This has brought us to a point that unless we are able to regain our customer's loyalty, we will perish as a company. My wife and I have invested thousands of dollars from our savings and whatever else we could afford to keep our business afloat but the well is now running dry. Many of you may think that Internet Hobbies is a large organization. We are a small business that has served the hobbyist for going on 18 years. The truth is, there are only four people still working here part time. We have had to lay off most of our full time employees because of diminished sales. I would love to be able to re-hire these talented people but unless sales increase they will remain unemployed.

Our plight probably means little or nothing to some of you but I still believe we have many friends that care about Internet Hobbies. I want to thank those customers that have supported us with your continued loyalty and we would appreciate anything you could do to help. We really could use a big bump in our sales this weekend.




Sincerely,

Dale Bruner, Managing Partner
Internet Hobbies, LLC


----------



## N4521U (Mar 4, 2014)

My LHS has been locked out of his store.

***
When you think about it tho......... 
How many manufacturers?
How many different kits? 
How many scales? 
How many of each?
Accessories?

What would your initial inventory be like? How many kits can your customer base build in a year even? We build 3-4 for GB's in a year? One has to remember only 1/3 of all the kits sold, Ever get built. It's oso obvious if you belong to a club, like IPMS, that has monthly auctions, raffles, members selling kits to confirm this. They could Never build everything they buy.
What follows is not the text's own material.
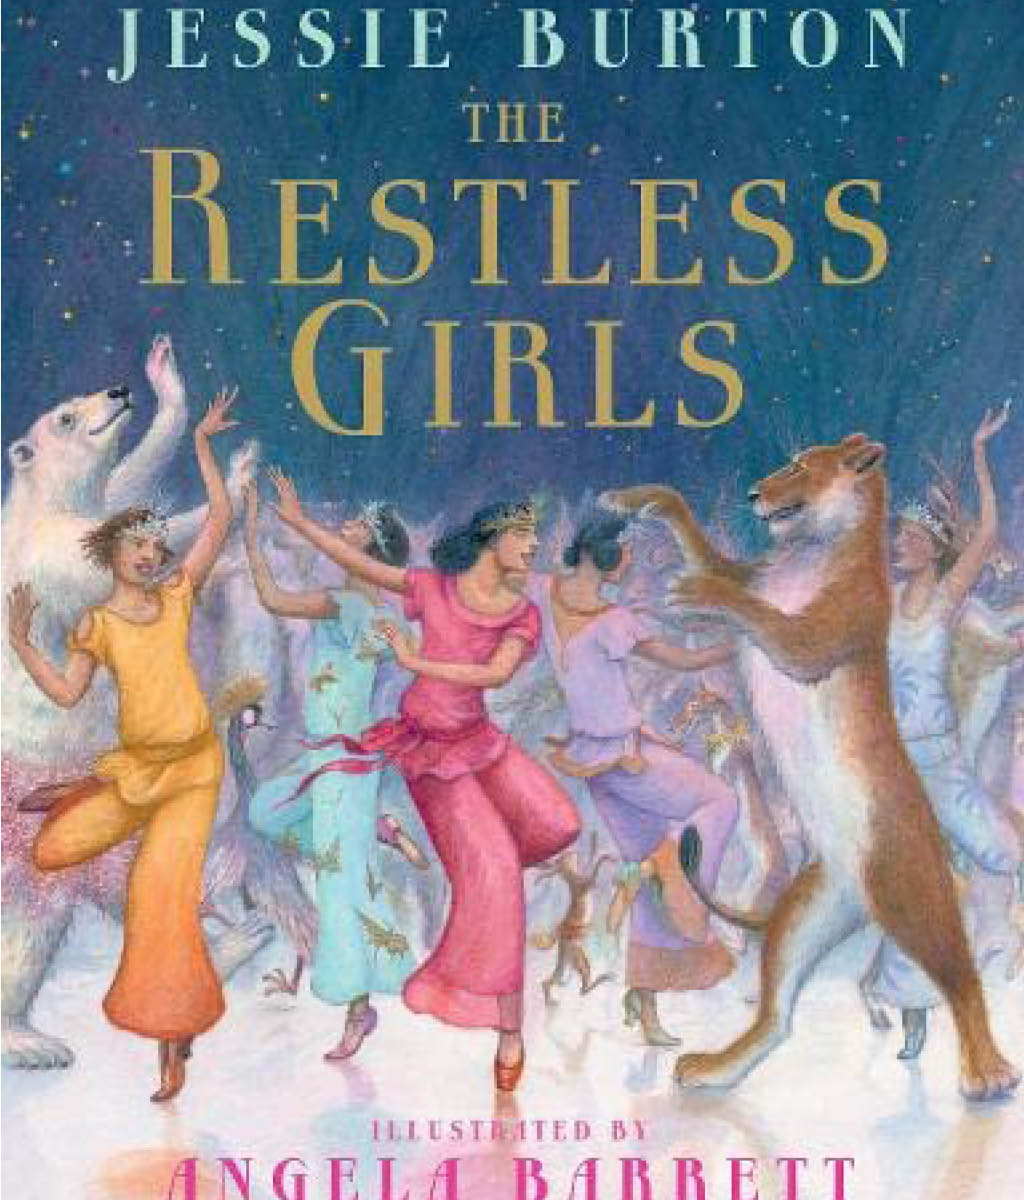 The Restless Girls by Jessie Burton

Now how could a small LHS ever survive on these statistics? Even if they do go internet. How much profit can a shop generate from a tube of glue every 6 months, maybe 4-5 bottles of paint for the current build? And then have them for the next 3-4 builds cuz the camo paint ain't that much different.

Tuff call going into the business.


----------



## Airframes (Mar 4, 2014)

It's a darned shame to see an established business go under. But then, as Bill correctly pointed out, the investments to return in a model/hobby retail business are huge, and that's before overheads/fixed costs are included.
As with much of the retail business, escalating property rents (often translated as greed!), local authority rates, and the dramatically rising costs of the product(s) have had a large negative impact. Just look at the prices of some kits these days, and worse, those kits which have been around for many years, but the price is equal to 'modern' kits. It's only supposition on my part, but the very large price increases (of kits) over the last four or five years may well be to account for lower sales, as the young, 'pocket money' market turns to anything _but_ creative hobbies - mostly those involving the use of a couple of fingers on a keyboard or hand-control, and not much creative thought, skill or brain power.
This will, and does have, an impact on what the keen modeller will buy, as high prices certainly deter many, including me.
There's no quick answer, but if other companies took a leaf out of Revell's book, and priced their kits more realistically, perhaps more would sell overall, and smaller businesses might have a bit more of an already slim chance.


----------



## Njaco (Mar 4, 2014)

Its the way of the world.

I don't know about where you chaps are at, but around here the only bookstore for miles around is Barnes and Noble. Nothing else. You can't rent any DVDs unless they are new releases - no more Blockbuster or Hollywood Videos. And I live very near a major metro area - Philly. There are some markets that are simply disappearing.


----------



## Lucky13 (Mar 4, 2014)




----------



## Airframes (Mar 4, 2014)

I hope it doesn't affect bacon shops ............................


----------



## Lucky13 (Mar 4, 2014)

Airframes said:


> I hope it doesn't affect bacon shops ............................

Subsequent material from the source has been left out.